The worldwide storage software market showed record revenues for the fourth quarter of 2011, according to IDC, with sales increasing by 10.5 percent year-on-year to just under $3.8 billion (£2.4 billion).
Results for the full year were up 11.6 percent to $14.16 billion, IDC said.
EMC was the top vendor for the quarter, with more than 25.7 percent of the market, followed by IBM with 19.8 percent and Symantec with 15.4 percent, according to IDC.
The two top-growing segments were storage device management software and data protection and recovery software, with revenues up 17.3 percent and 13.8 percent respectively, IDC said.
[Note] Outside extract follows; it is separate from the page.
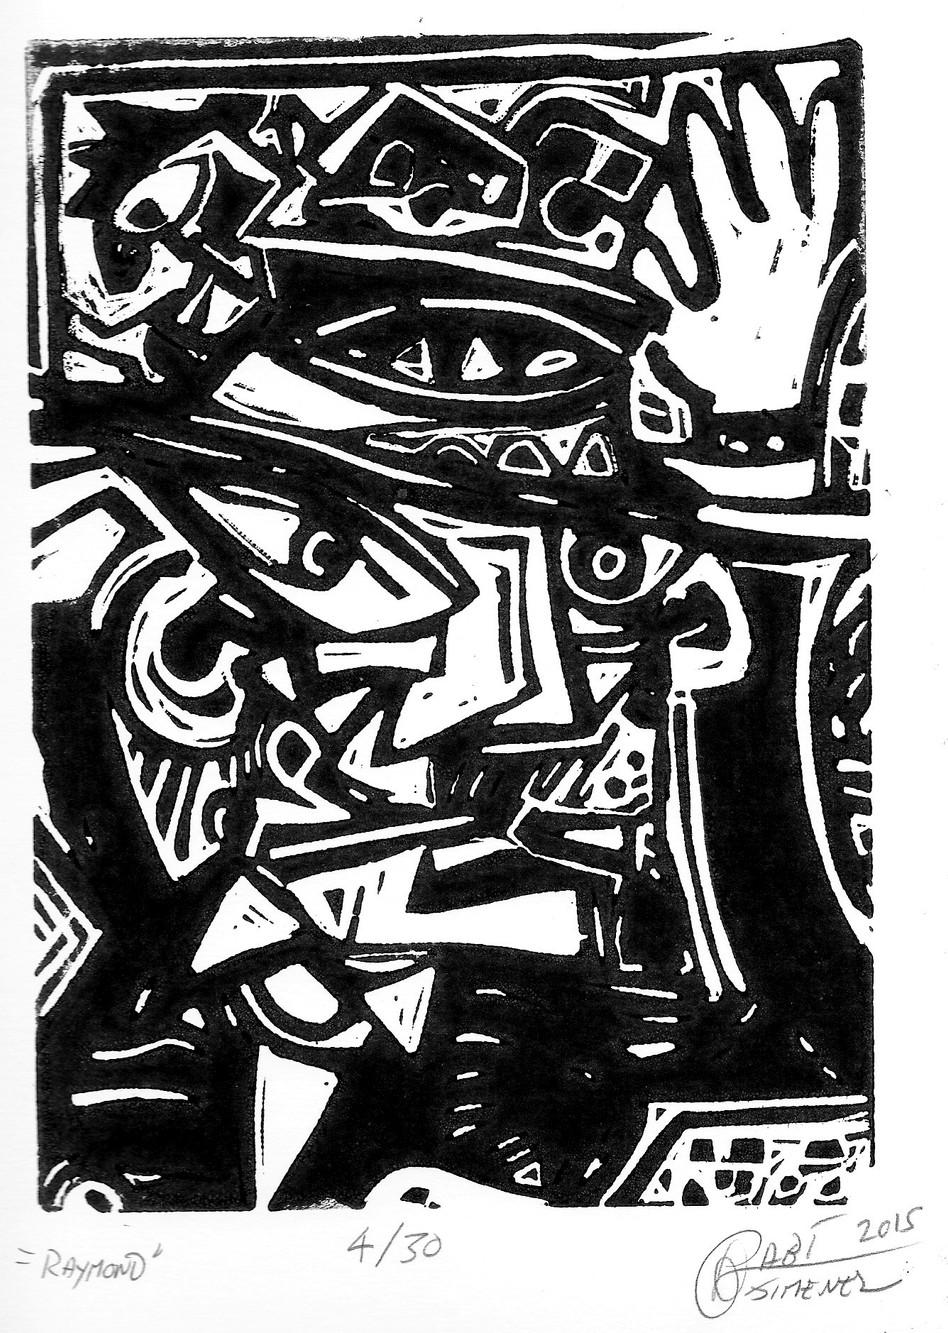 Gravure Raymond Gurème

The spread of virtualisation was the key to driving sales of data protection and recovery software, according to IDC analysts.
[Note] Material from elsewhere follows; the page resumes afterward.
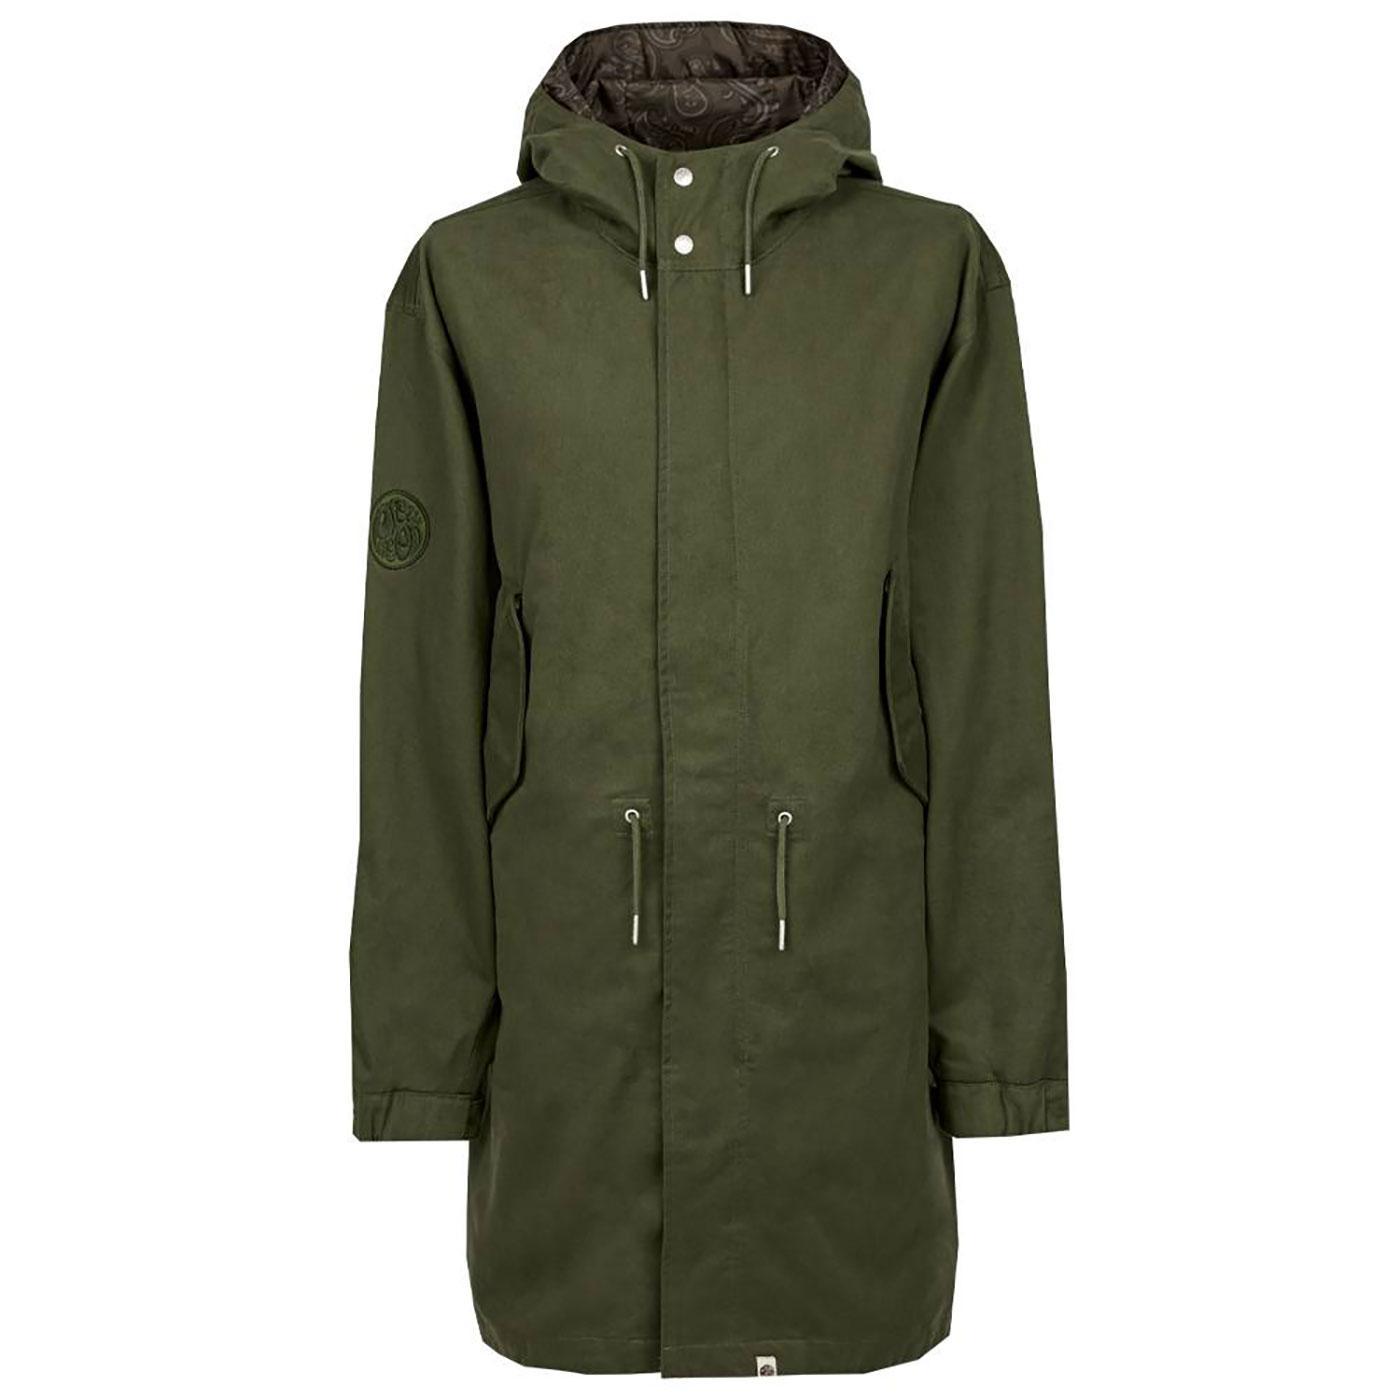 PRETTY GREEN Retro Mod Cotton Hooded Parka Jacket

“Data protection and recovery sales benefited greatly by the challenges introduced by virtualisation, and the requirement to guarantee high standards of recovery point objective and recovery time objective within these environments,” stated IDC research director of storage and software Eric Sheppard.
Archiving software revenues grew by 12 percent for the full year and 7.3 percent for the fourth quarter.
IDC noted that market consolidation reshaped the storage software market in 2011, in particular with Autonomy’s acquisition of Iron Mountain and HP’s acquisition of Autonomy, which put HP into the No. 2 market share position after IBM.
A separate study released by TechNavio projected that the storage software market will grow at a compound annual rate of 7.5 percent over the next four years. But TechNavio warned that the consolidation of hardware and software vendors could hinder growth, as vendors risk losing their focus.
“Increasing operational costs due to lack of expertise could pose a challenge to the growth of this market,” TechNavio said in the report.